Segundo a resolução nº 2.173/17 do Conselho Federal de Medicina, o diagnóstico de morte encefálica tem que ser realizado por dois profissionais médicos das seguintes áreas: intensivistas (adulta ou pediátrica), neurologistas (adulta ou pediátrica), neurocirurgiões ou que atuem em emergência. Eles precisam ter, no mínimo, um ano de experiência de atendimento a pacientes em coma e realizar um curso de capacitação.

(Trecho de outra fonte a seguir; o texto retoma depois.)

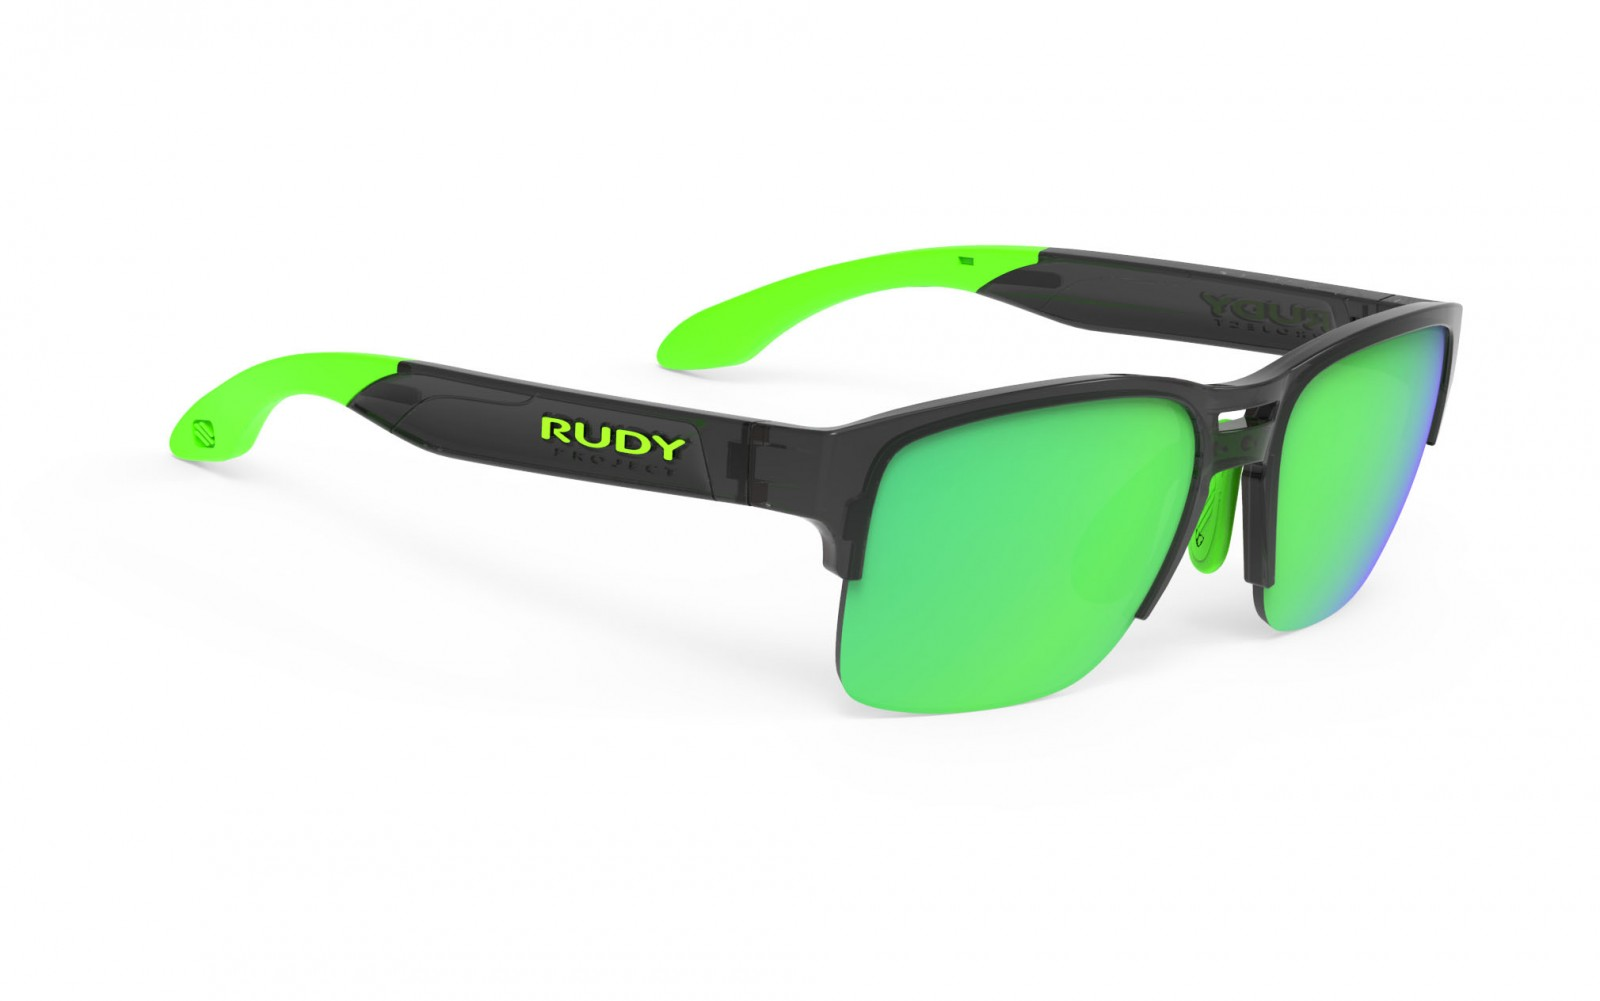 thumb-SPINAIR 58 Crystal Graphite / Polar 3FX HDR Multilaser Green

“A gente seguiu os critérios do CFM e montamos esse curso para capacitar nossos profissionais a realizarem esse diagnóstico. Era uma capacitação que só existia fora do município e, com o apoio da Central de Transplantes, conseguimos trazer para os médicos que trabalham com pacientes graves no dia a dia, tanto aqui no Regional quanto no municipal de Santarém”, explicou o médico Antônio Carlos Silva, coordenador da Organização de Procura de Órgãos (OPO) Tapajós.

Durante o curso, os participantes foram orientados a respeito do rigoroso protocolo que determina a morte encefálica, além de conhecer como funciona o trabalho da OPO Tapajós no Hospital Regional, do setor de transplantes renais da unidade e da Central Estadual de Transplantes.

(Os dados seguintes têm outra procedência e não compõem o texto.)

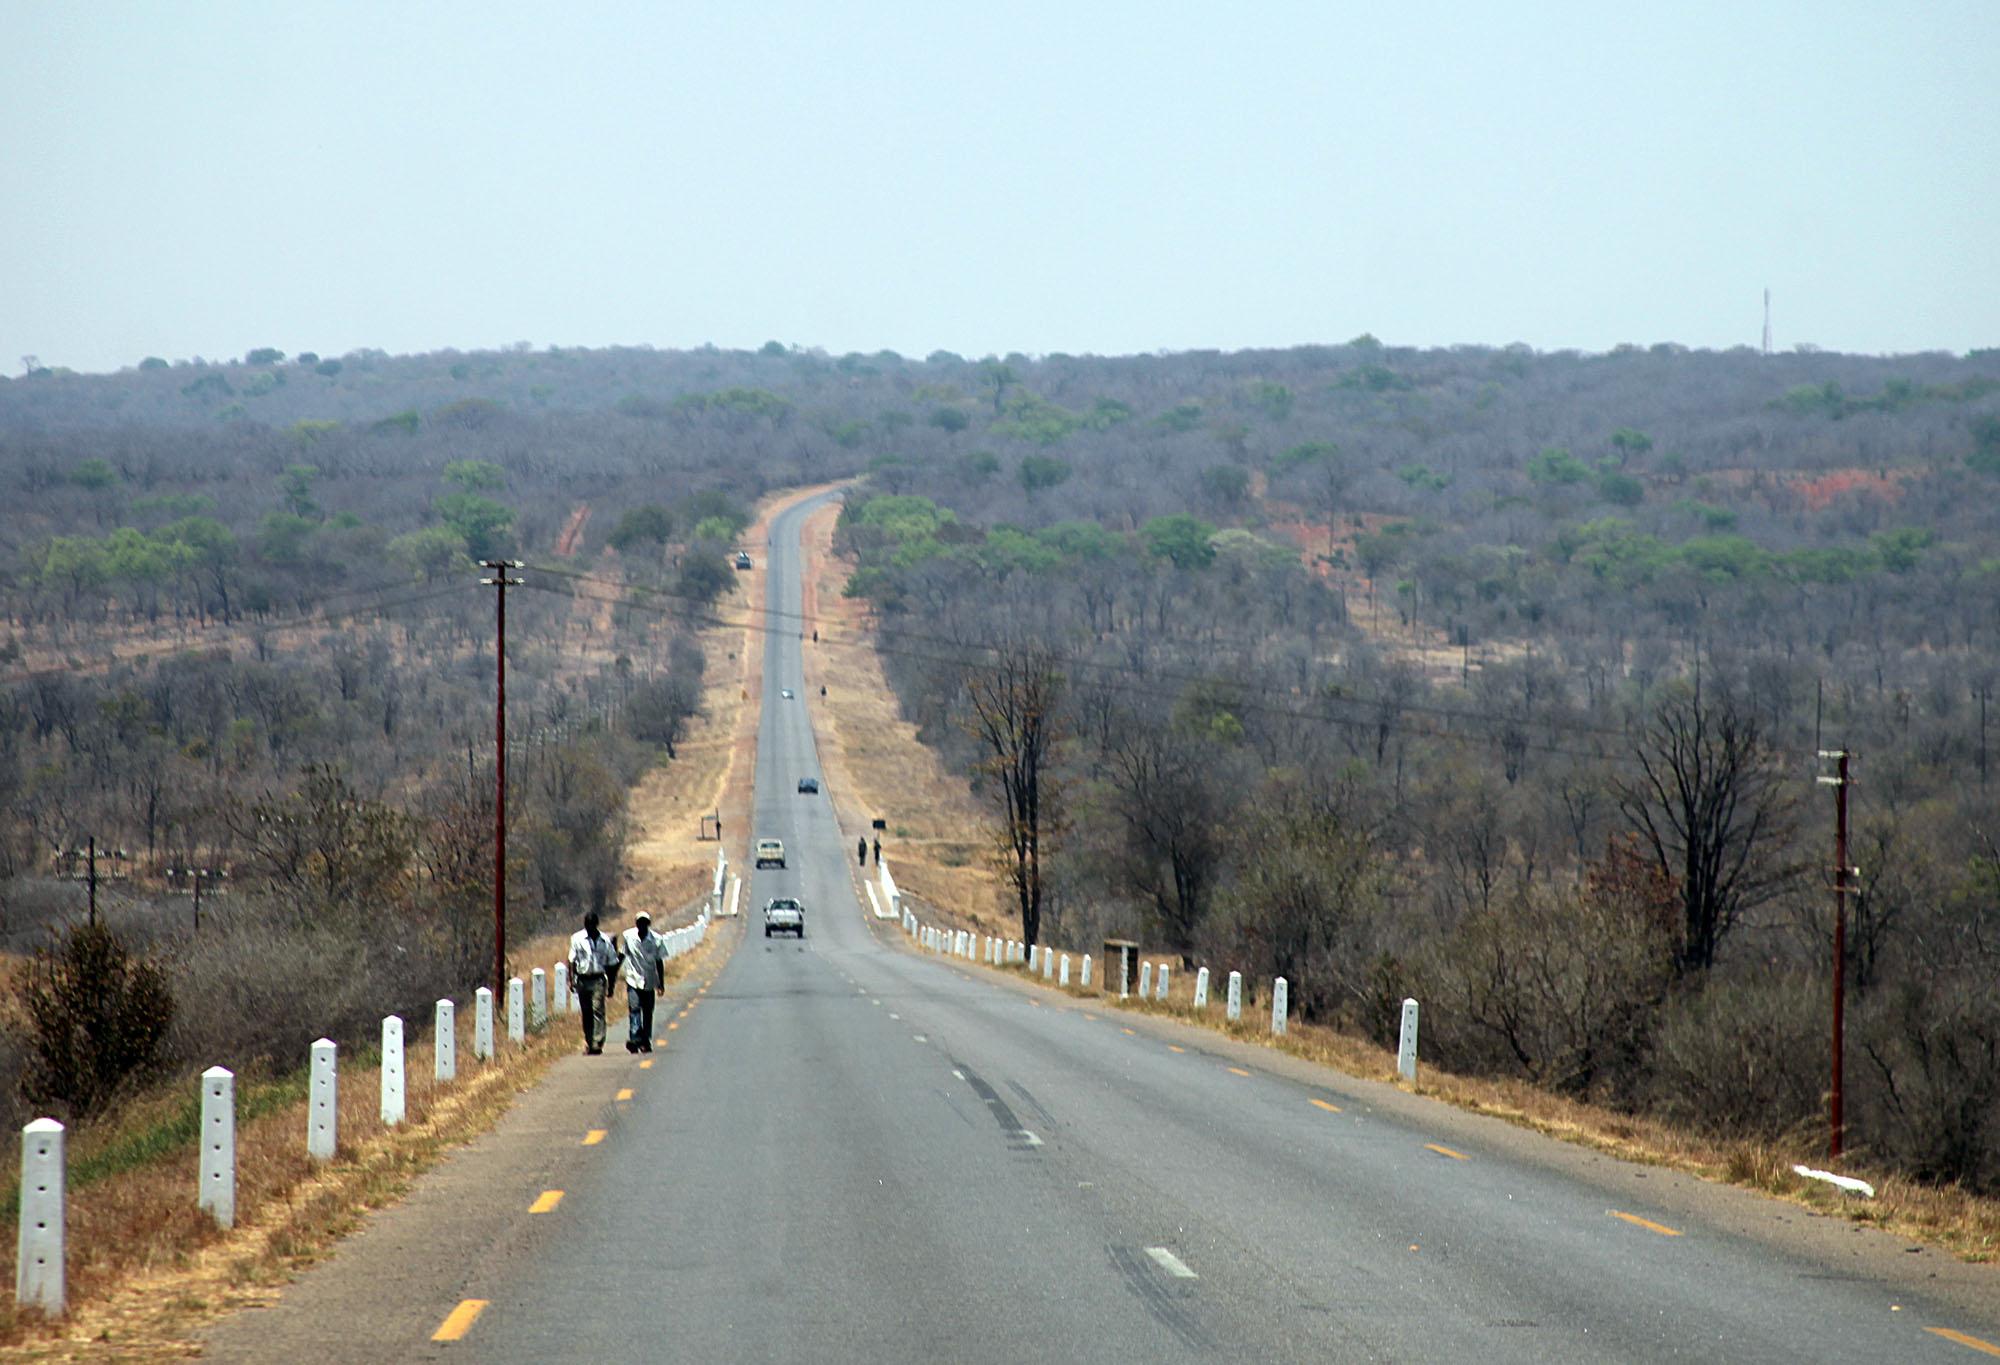 The road into Zimbabwe

“A região Norte do Brasil é a que menos notifica morte encefálica no país. Por isso, é muito importante para o estado diagnosticar todos os doentes críticos que estejam com suspeita de morte dentro das UTI’s. Isso vai fazer com que os nossos números de notificação aumentem e que mais famílias sejam oportunizadas a decidirem ou não pela doação de órgãos, aumentando também o número de transplantes e diminuir o número de pessoas que aguardam na fila por um órgão”, ressaltou a coordenadora da Central de Transplantes e uma das palestrantes do curso, Ierecê Miranda.

Referência – O HRBA é referência em captação de órgãos e transplantes renais no interior da Amazônia.  Desde novembro de 2012, a unidade conta com a Organização de Procura de Órgãos (OPO) Tapajós.

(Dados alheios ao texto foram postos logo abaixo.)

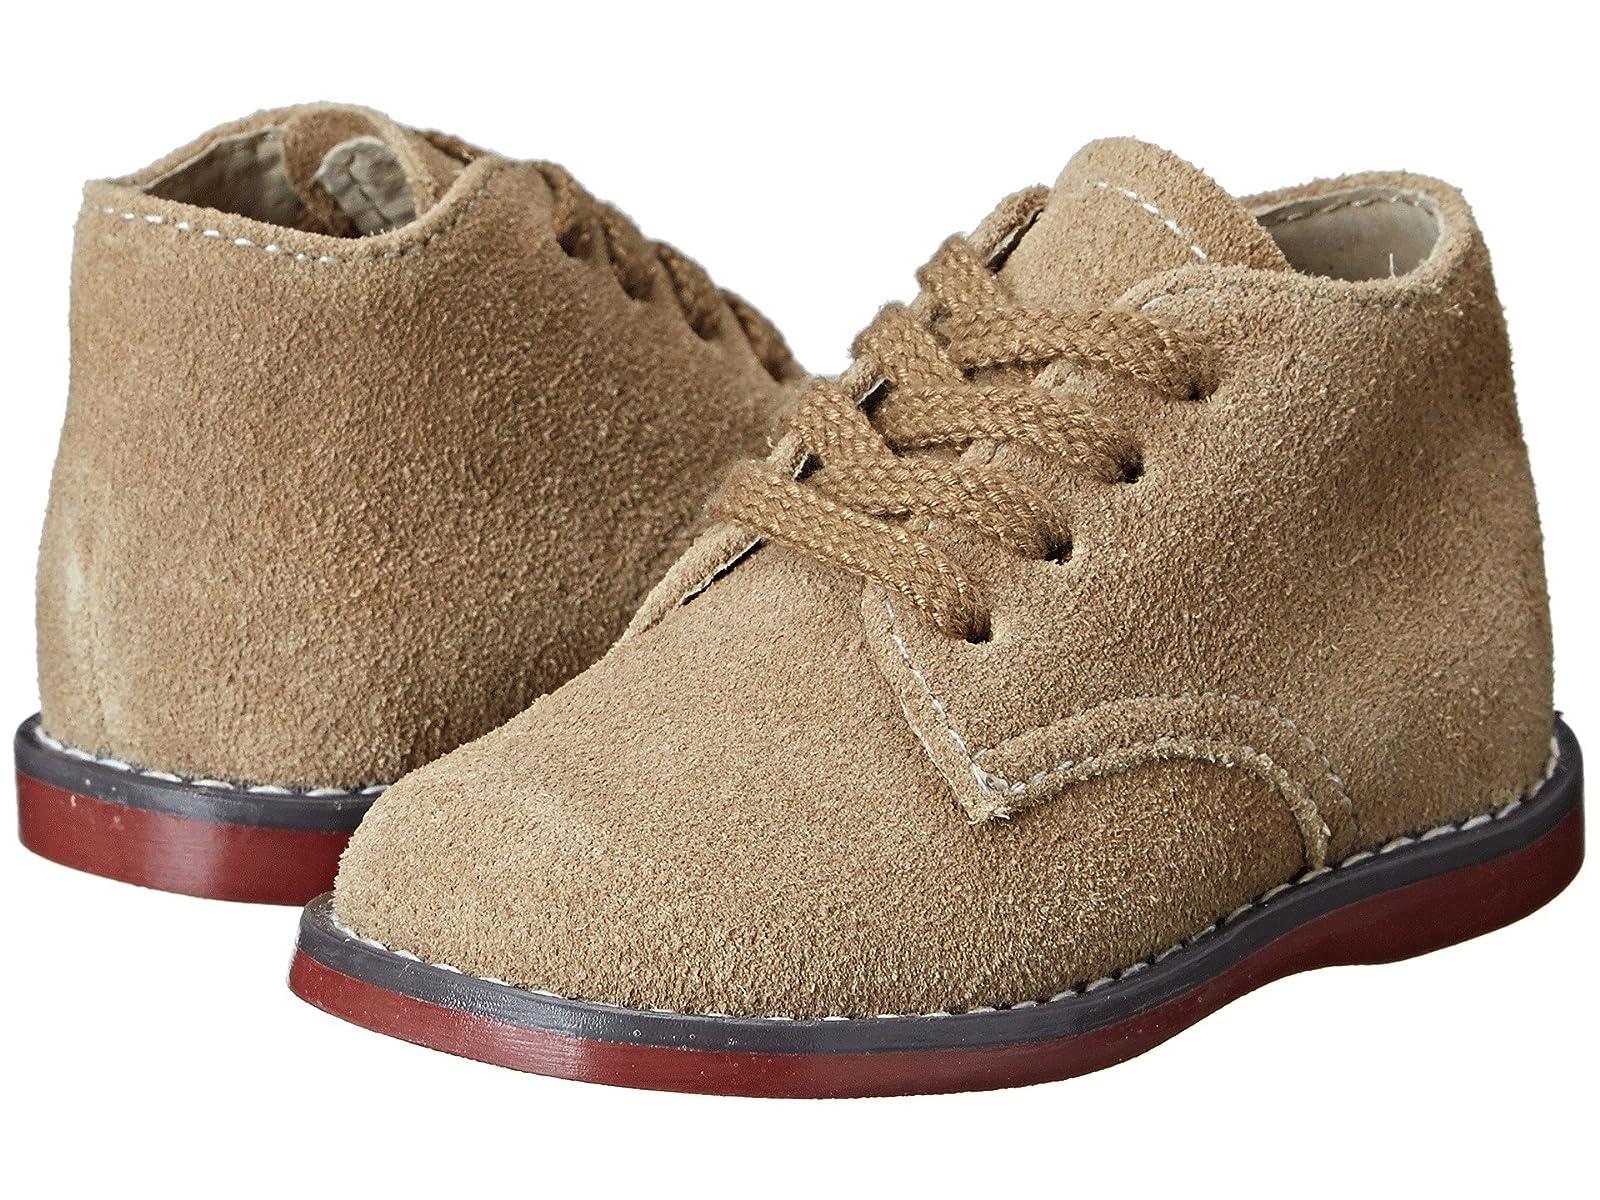 FootMates Todd 3 (Infant/Toddler)Affordable and distinctive shoes

Hoje, a OPO conta com um médico, dois enfermeiros e uma assistente administrativa, que trabalham na busca ativa de potenciais doadores, no apoio ao diagnóstico de morte encefálica e no acolhimento e consentimento da família para a doação. Já foram captados no HRBA 177 órgãos, sendo 92 rins, 71 córneas, 10 fígados e quatro corações.

Já os transplantes são realizados desde 2016. Atualmente, a equipe do setor de transplantes conta com cinco médicos nefrologistas, um enfermeiro e dois técnicos de enfermagem. Foram 102 transplantes realizados pelo HRBA até o momento, sendo 53 intervivos – quando geralmente o doador é um parente do transplantado – e mais 49 de doadores falecidos.

“A constante capacitação e formação dos nossos profissionais é muito importante para nós, um dos pilares do nosso hospital. Então, esse curso, com a parceria da central, é fundamental para desenvolver ainda mais o nosso trabalho e reforçar o HRBA como uma referência na captação e transplantes em toda a região”, afirmou o diretor-geral do Regional, Gean Francisco Cercal.

Serviço: Localizado no oeste do Pará, o HRBA é referência em média e alta complexidade e presta serviço 100% referenciado, atendendo à demanda originária da Central de Regulação do Estado.

A unidade pertence ao Governo do Pará, sendo administrada pelo Instituto Social Mais Saúde, em parceria com a Secretaria de Estado de Saúde Pública (Sespa), e fica localizada na Avenida Sérgio Henn, nº 1100, bairro Diamantino, em Santarém.